It takes nothing beyond a glance at this album's title to develop a connection to the Austrian band Summoning, since they had the epic song "Long Lost to Where No Pathway Goes" on their 1999 album Stronghold. In truth, Kinstrife & Blood feels like little more than an Australian tribute to that band, and not a necessary one, because the sound is just too similar that I can't argue with anyone calling it a cheap knockoff. About the only reason one might listen to this album is if he or she feels such an affection for the works of Silenius and Protector that their (of late scarce) output is simply not enough to sate the longing for epic vistas of glory and sadness wrought with keyboards, tiny streams of melancholic black metal guitars, rasped vocals and cheap drum programming.
Even in such a case, there are better alternatives, like the Croatian band Mischosen who take the Summoning influence and channel it into something more innovative. This is unfortunate, as there are positive qualities to Kinstrife & Blood, if only skin deep. The logo and cover art here are wonderful, promising a natural mysticism and acknowledgment of the life/death cycle. Balam is normally a talented individual, vocalist for the amazing Australian black super-group Nazxul, also involved with Pestilential Shadows and Rift. To his credit, he does a fairly apt impersonation of the Austrians, channeling the same morose through steady repetition and slowly shifting rhythmic patterns, but it never quite summits that hurdle of cheapness that soils the spirit when you know the band you are listening to is simply biting off a forebear, a little too much.

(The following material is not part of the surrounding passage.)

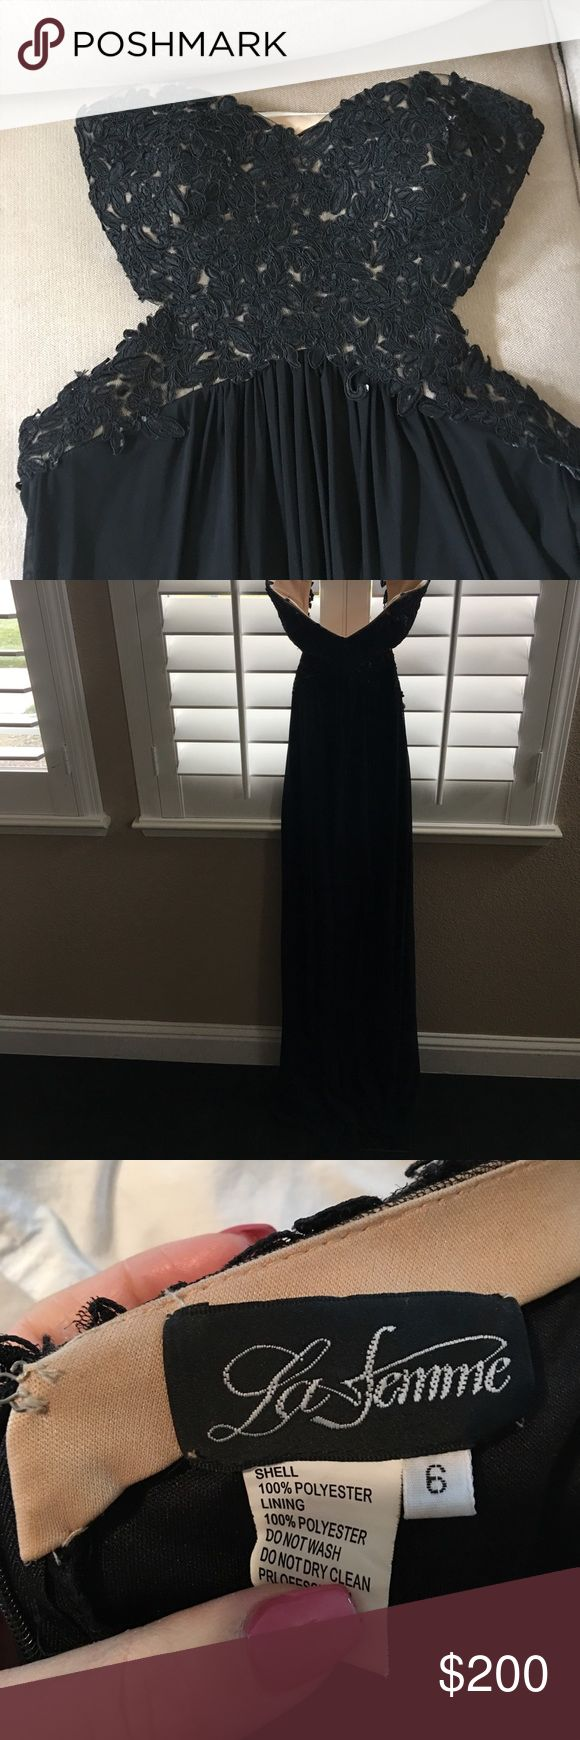 La femme dress worn once La femme dress worn once La Femme Dresses
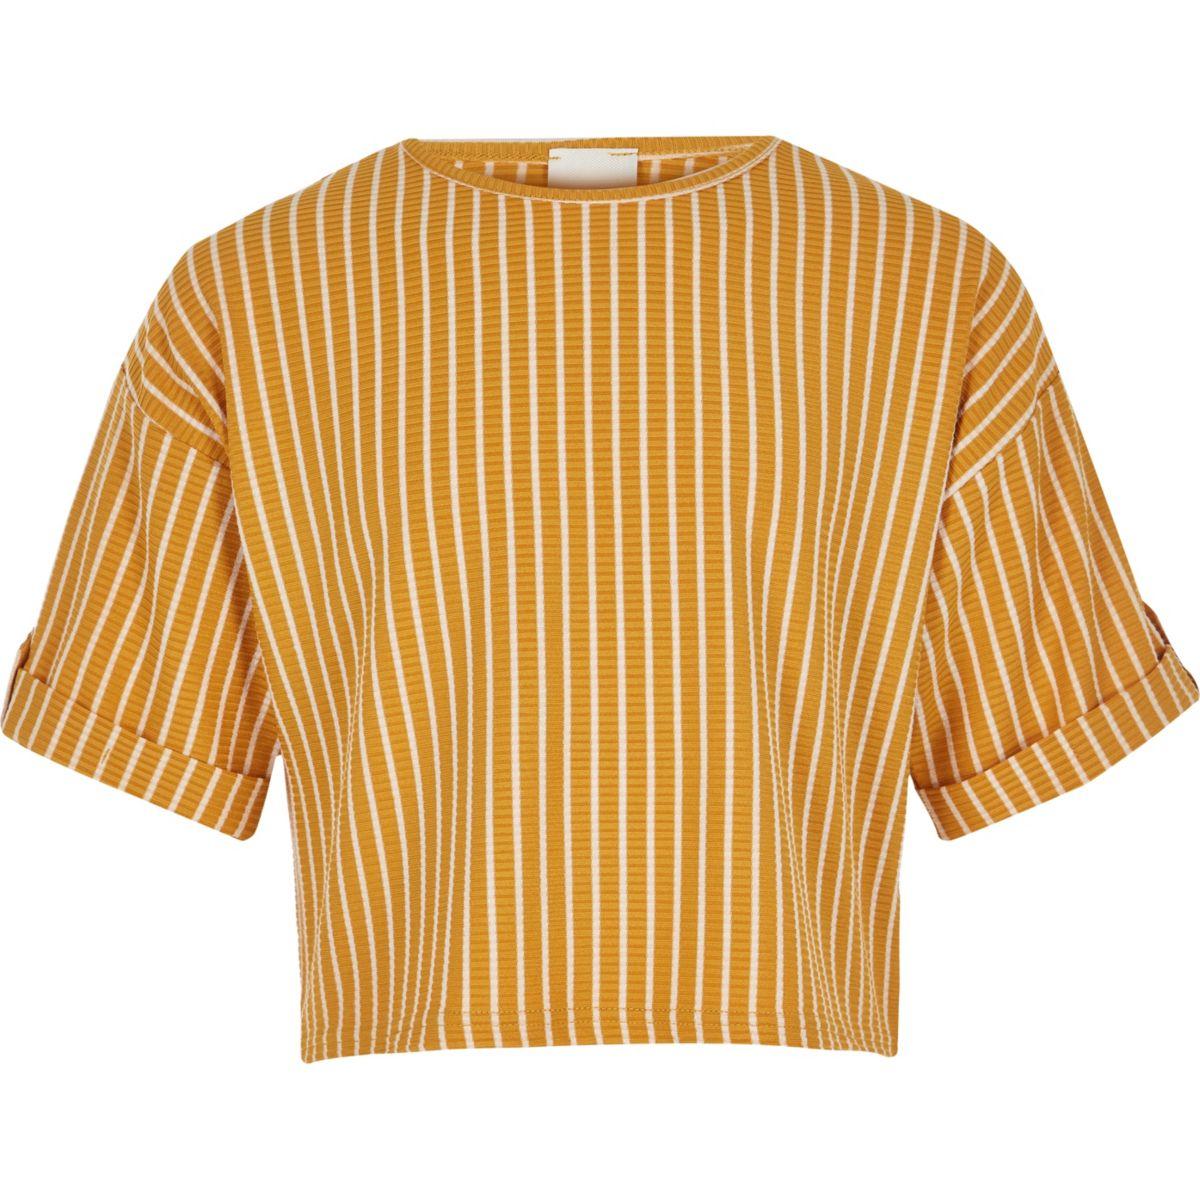 Girls yellow stripe T-shirt

"On Paths Long Forgotten..." itself is but a minute length teaser/march that heralds one of the four primary compositions, ranging from 7-10 minutes in length. "The Bronze Army" uses wet and synthesized horns and slowly arching, longing guitar lines to create an acceptable epic for battle, but the thrills run out after only a few minutes, since not a single shift in the song comes close to the opening rhythm, and you could randomly play any track from Stronghold or Let Mortal Heroes Sing Your Fame and become more immersed. In title alone, "Grey Lands" seems to channel a Summoning Influence ("Grey Heavens", "The Passing of the Grey Company"), and once again we feel that Kinstrife & Blood simply feels hollow. The situational and compositional awareness that is carefully built with each Summoning track is void here into the bare minimum of effort, a minimalist approach that shares the same spirit, but not the same ultimate effect.
"As Hawk Flies Over Embattled Waters" is nearly 10 minutes long, and of all the tracks On Paths Long Forgotten... it is the most engrossing, simply due to the repetition working itself upon the psyche, and "The Walking Dead Amongst the Fog" does have a suitable slow chug to its guitars which mirrors the subject matter, but these bits feel too late to really save the album from its lapse 'been there before' vibes, and there is simply nothing here to recommend over anything the Austrians have ever released. Considering that the flawless and iconic Oath Bound was released this very same year, there is no purpose in choosing the student over the master, and Kinstrife & Blood very soon sinks to obscurity. Perhaps Balam will one day revisit this work and create a tangent to its influence rather than a cloning process, but he's busy with far better projects than this, so I will not hold my breath.